Multiplayer characters can be customized in terms of both appearance and gameplay characteristics. Marines share weapon customization with their singleplayer counterparts, but can additionally have their physical appearance extensively modified. Options include armor artwork, tattoos, and skin and clothing color. The Limited Edition Pack DLC features four multiplayer skins from Aliens which feature exclusive customization features and voicelines, but they cannot be customized.

Xenomorph characters can also be modified, albeit far less extensively, with different skin tones and carapace styles. Both species can also accept a number of gameplay-affecting perks or traits which need to be purchased using the commendations awarded for increasing in rank.

Xenomorph Gameplay[]

The multiplayer gameplay for the Xenomorph players is significantly different to that of the Marines. Xenomorphs will adopt a third-person perspective, as opposed to the first-person used throughout the rest of the game; this was implemented to help overcome the situational awareness problems inherent with the Xenomorph multiplayer faction in the previous Aliens vs. Predator video game. Like the 2010 game, Xenomorph players are able to see Marines through objects and walls to help balance the advantage afforded the marines by their motion trackers.
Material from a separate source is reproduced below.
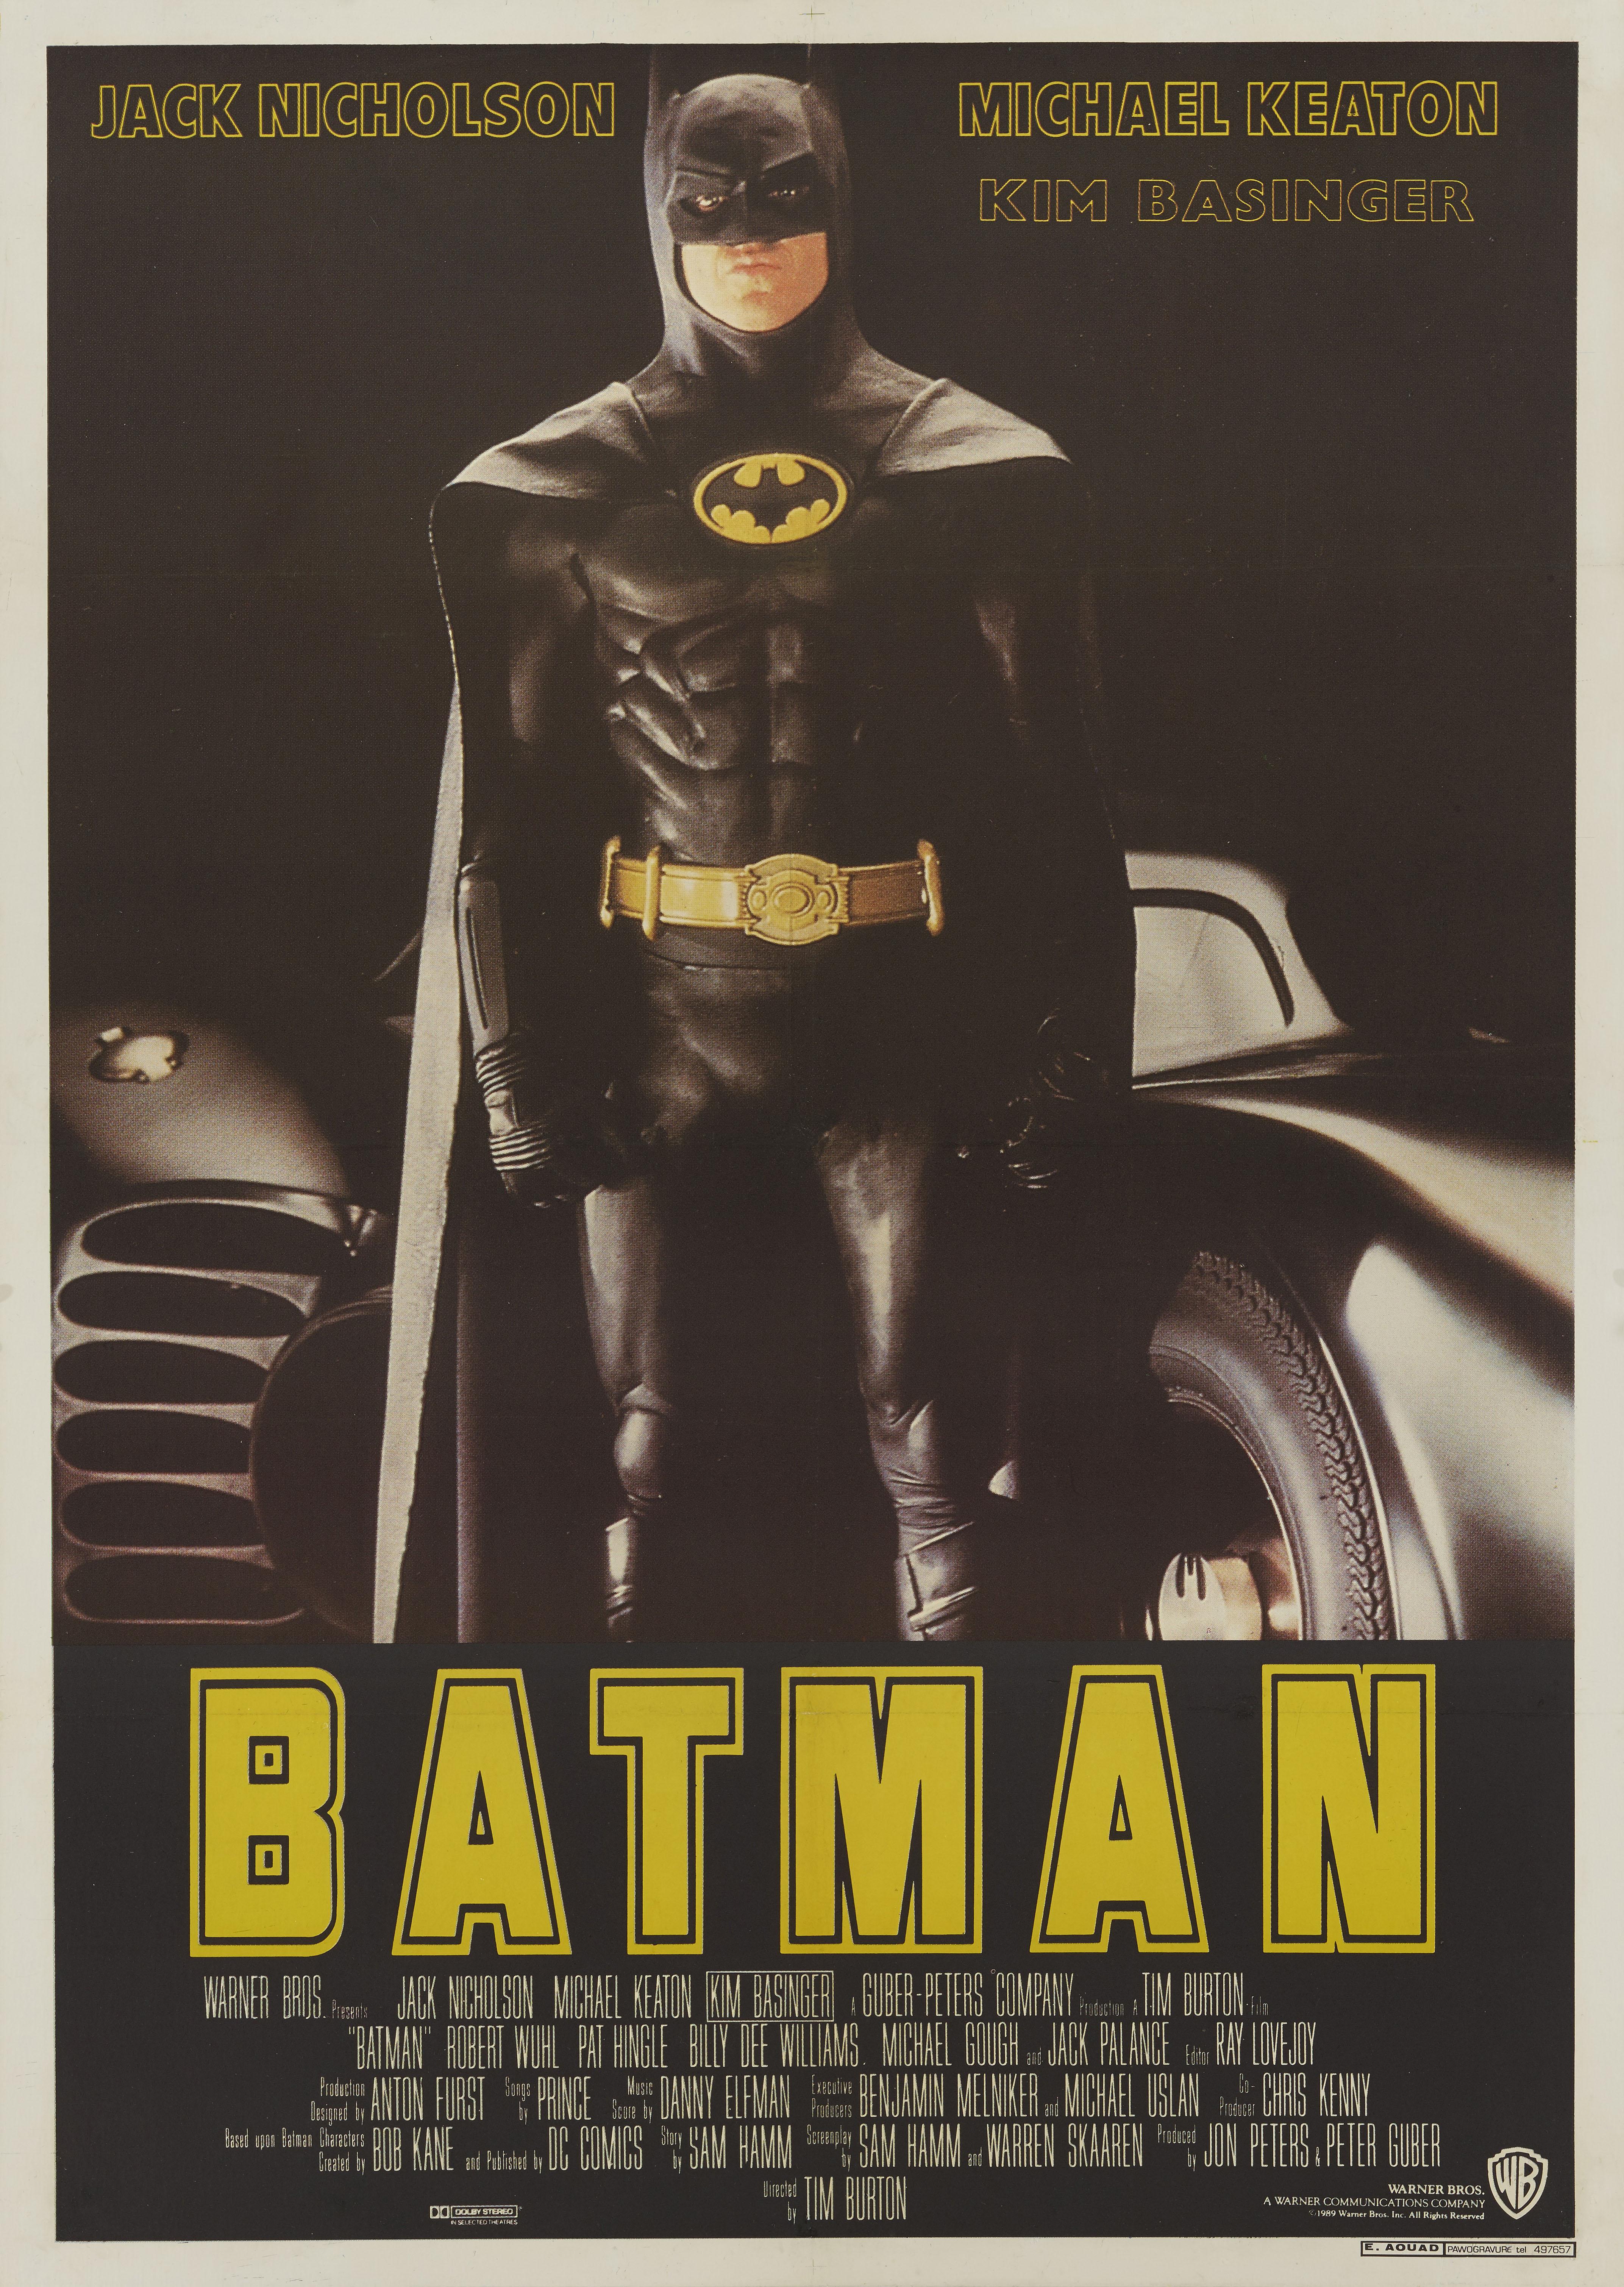 Affiche originale libanaise pour le film Batman (1989) de Tim Burton avec Jack Nicholson, Michael Keaton et Kim Basinger. L'illustration de cette affiche est très différente de celle de l'affiche américaine qui ne comporte que le logo de la

Aliens can cling to walls and ceilings, and can use vents to ambush Marines. Their main weakness is that they are primarily melee combatants (with the exception of the Spitter class) and have to move in close to their target to attack, necessitating the use of stealth, surprise or simply swarm assaults to ensure a successful kill.
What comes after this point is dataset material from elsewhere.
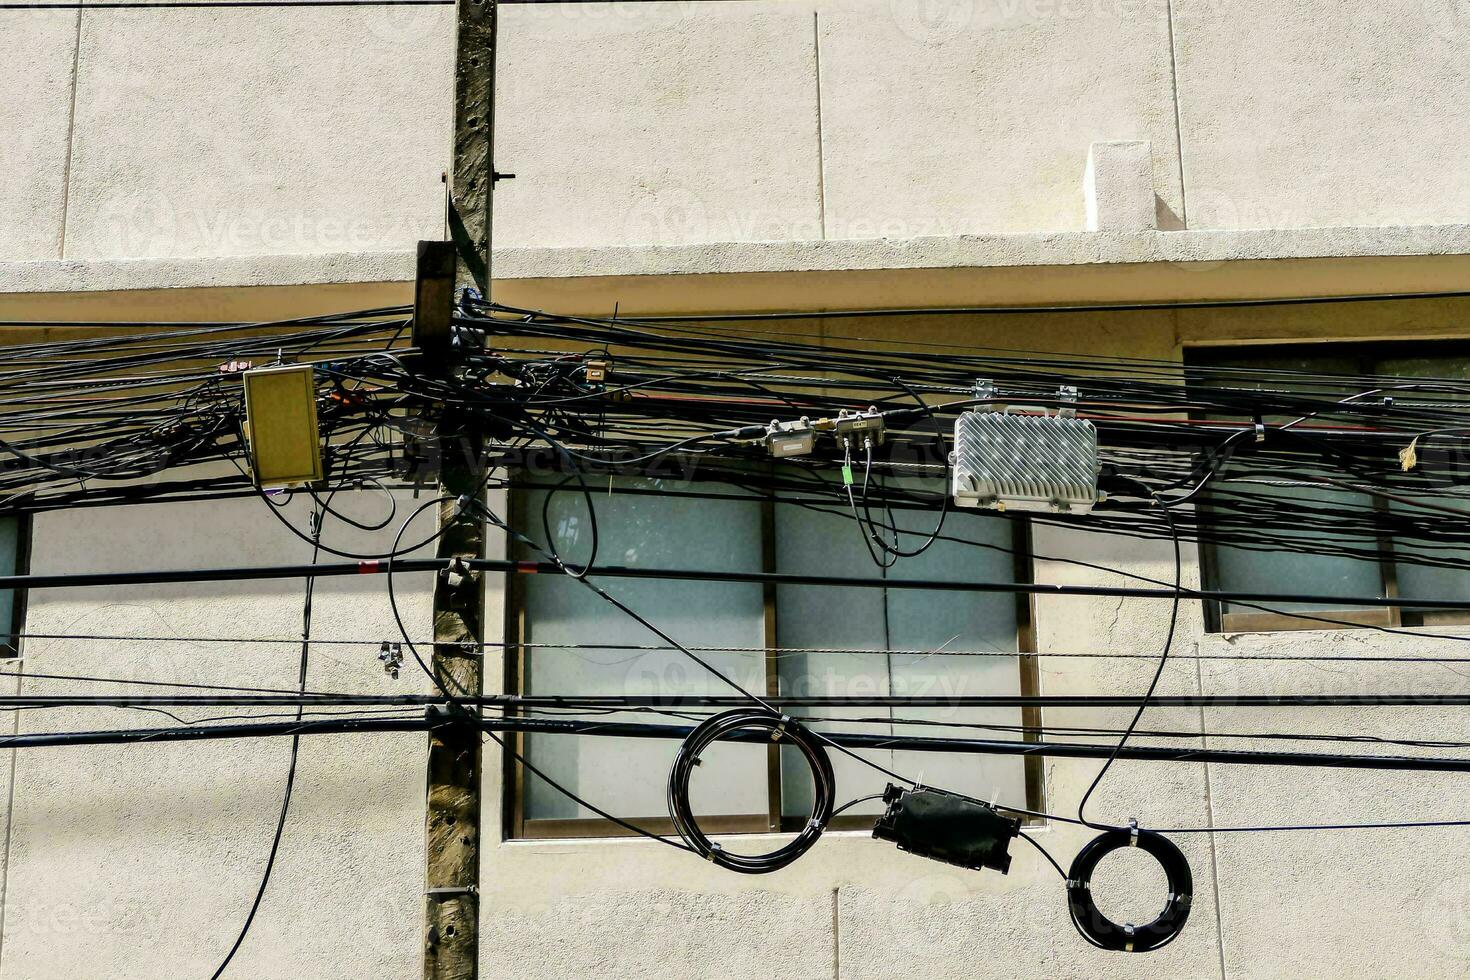 en knippa av trådar och trådar hängande från en Pol foto

Unlike Marine players, Alien players can select one of three "breeds" of Xenomorph, each having different abilities. The Soldier class (based on the Drone design seen in Aliens) acts as the infantry of the Xenomorph faction, generally having well-balanced offensive and defensive capabilities. The Spitter class possesses a ranged attack in the form of acid that they can spit at enemies, but are not as physically robust as the Soldier. The Lurker class is likewise weaker than the Soldier but capable of attacking from long range with a pounce attack and can move undetected by motion trackers at low speeds. Players can also play as the Crusher, a massive quadrupedal Xenomorph with a bulletproof head crest that charges enemies, and the Boiler, which has a powerful short-ranged acid spit attack and can also use a kamikaze attack, tearing itself apart and showering its foes in acid. The Crusher and Boiler cannot be selected but must be found and activated in the map, and the number of times they can be used by the Alien team is limited.
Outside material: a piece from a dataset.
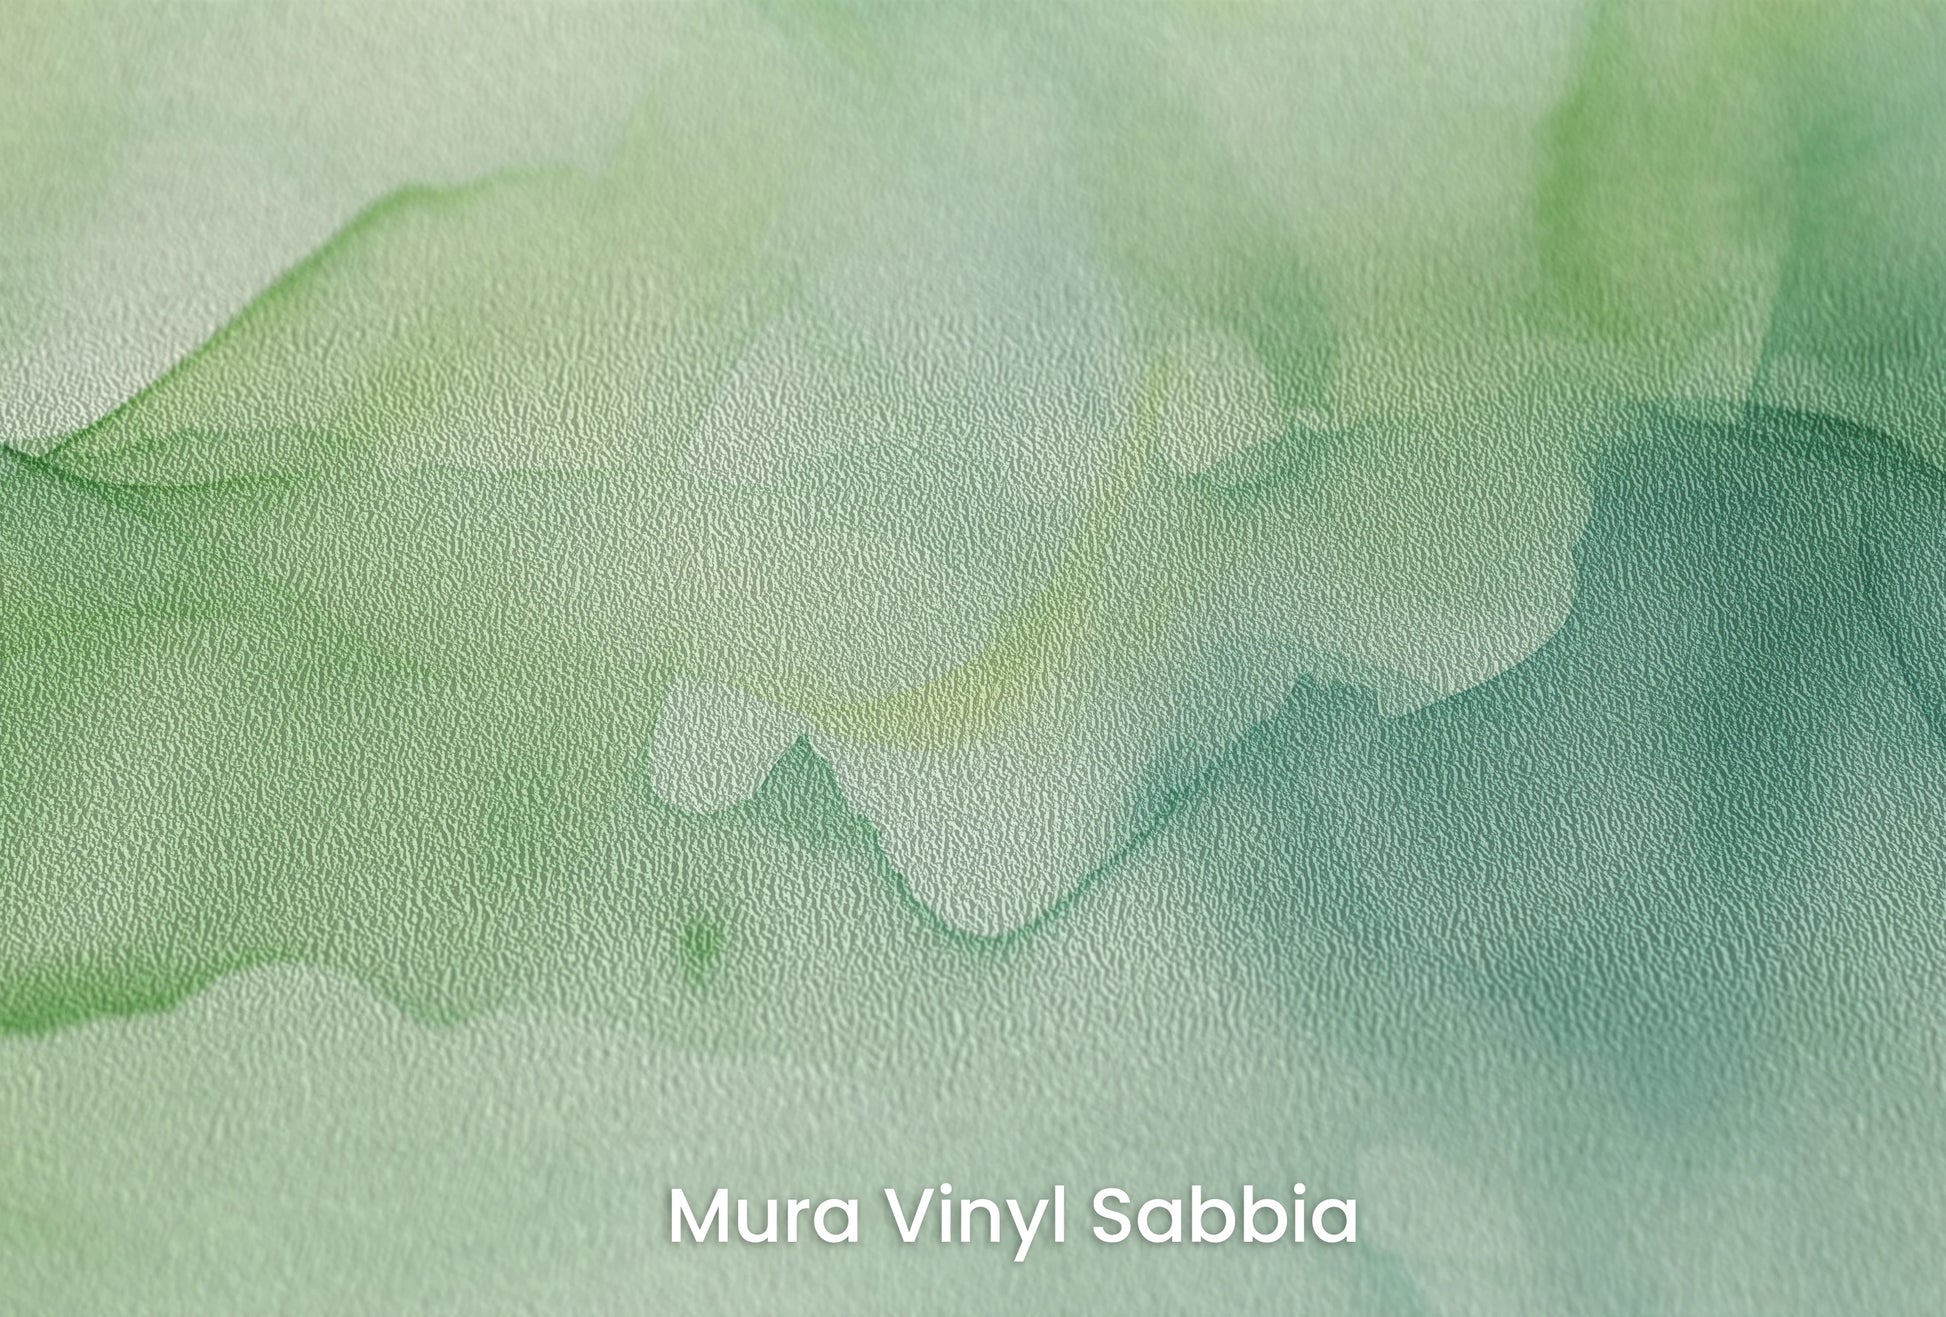 Zbliżenie na artystyczną fototapetę o nazwie Eteryczna Zieleń na podłożu Mura Vinyl Sabbia struktura grubego ziarna piasku.

Beyond the different classes, players are able to customize their multiplayer Xenomorph characters with a variety of skins and skills. Each class has its own unique primary attacks, secondary attacks, abilities, carapaces, traits and fatalities.


Aliens: Colonial Marines had a long and troubled development cycle, much like that of Duke Nukem: Forever, another high-profile Gearbox release from around the same time. A previous game under the Colonial Marines name was developed by Check Six Games and was to be published by Fox Interactive and Electronic Arts for the PlayStation 2 in 2001, but it was cancelled before it could hit shelves. A more traditional first-person shooter, it shared the same subject matter and setting as the Gearbox-developed game — it was to take place between the events of Aliens and Alien3, following a rescue team of Colonial Marines searching for the Sulaco. Despite the similarities in gameplay and story, however, Gearbox has stated that their game is unrelated to the Check Six version.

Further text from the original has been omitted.